The team's four Super Bowl victories in the 1970s coincided with a recession that struck the United States, and the city in particular, that would lead to the closure of several steel mills in the early 1980s. The team's success was credited with giving people in the city hope and leading to the increased fan base. Due to economic uncertainty in the area, many Steelers fans relocated to other areas but retained their identification with the Steelers as a reflection of their former hometown's steel industrial base.
During the lead up to Super Bowl XIII between the Steelers and the Dallas Cowboys, Phil Musick contrasted the Dallas and Pittsburgh fans by saying that "Dallas is superfan Whistling Ray and a hat that sprays the unsuspecting with water; Pittsburgh is a guy in a gorilla suit who'll stove five of your ribs if you laugh at him."
Player fan clubs[edit | edit source]
In the 1970s many fans organized fan clubs for their favorite players. Some of these fan clubs included Franco's Italian Army, Frenchy's Foreign Legion, Gerela's Gorillas, Bradshaw's Brigade, Lambert's Lunatics, Dobre Shunka (Good Ham, for Jack Ham), Rocky and the Flying Squirrels, Shell's Bombers, and Russell's Raiders among others.
Today[edit | edit source]
Since the 1970s, the Steelers have enjoyed a large fan base and have eclipsed the Pittsburgh Pirates as the most popular sports team in Pittsburgh. While the team's success gained it a large fan base nationally, many consider the collapse of the city's steel industry to have been a cause for the strong fan base in other cities, demonstrated when teams whose home turnout would otherwise require a local blackout on television end up selling out when hosting the Steelers. An instance of the team's large fan base was at Super Bowl XL, where an ESPN.com columnist suggested that Steelers fans outnumbered Seattle Seahawks fans more than 25 to 1.
Comparison to other NFL fan bases[edit | edit source]

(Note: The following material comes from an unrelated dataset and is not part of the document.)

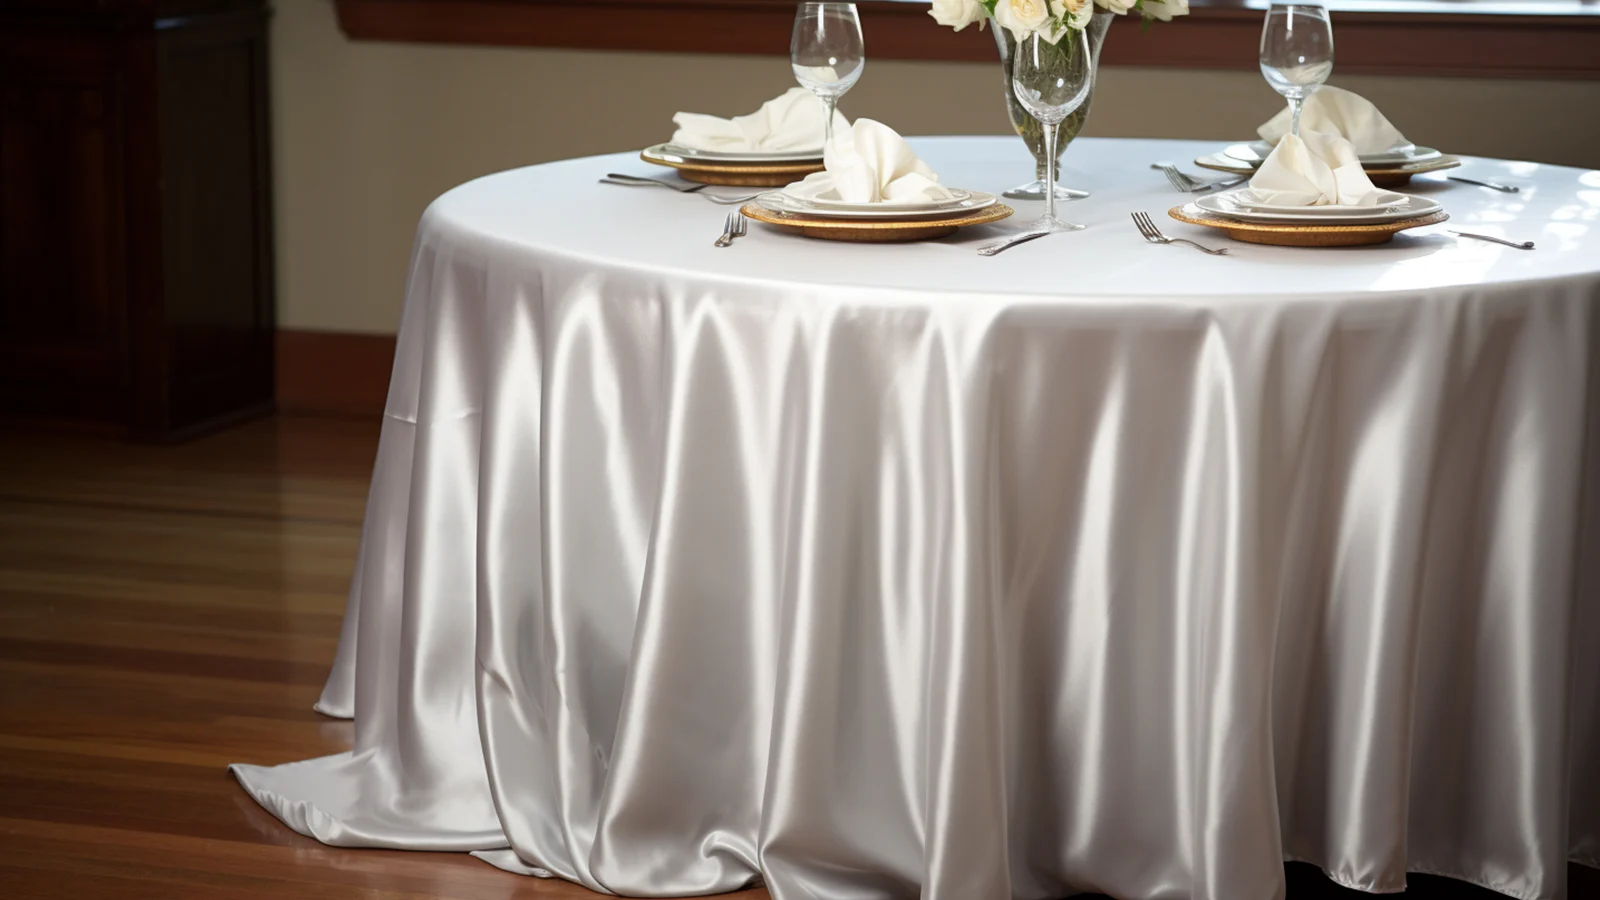 A round table with a silver Satin tablecloth.

Attempts at quantifying the loyalty of Steeler Nation relative to other NFL fan bases have shown mixed results. A 2006 study by the American City Business Journals placed the team's fans 21st out of 32 teams in the league, behind all three of its division rivals in the AFC North. The study found that although the team had been selling out games for years, some fans were not actually attending the games, and Pittsburgh's weekly turnout percentage for home games was 16th in the league. That ranking was down seven slots from the publication's survey conducted in 1997, which ranked Steelers Nation 14th out of 30 teams, partly due to fans leaving nearly 10 percent of the seats in the stadium empty.
Conversely, a 2008 study from Forbes.com ranked Steelers fans 8th overall, citing amongst other things a long season-ticket waiting list. A 2008 article for ESPN.com ranked Steelers fans as the best in the NFL, citing their "unbelievable" sellout streak of 299 consecutive games.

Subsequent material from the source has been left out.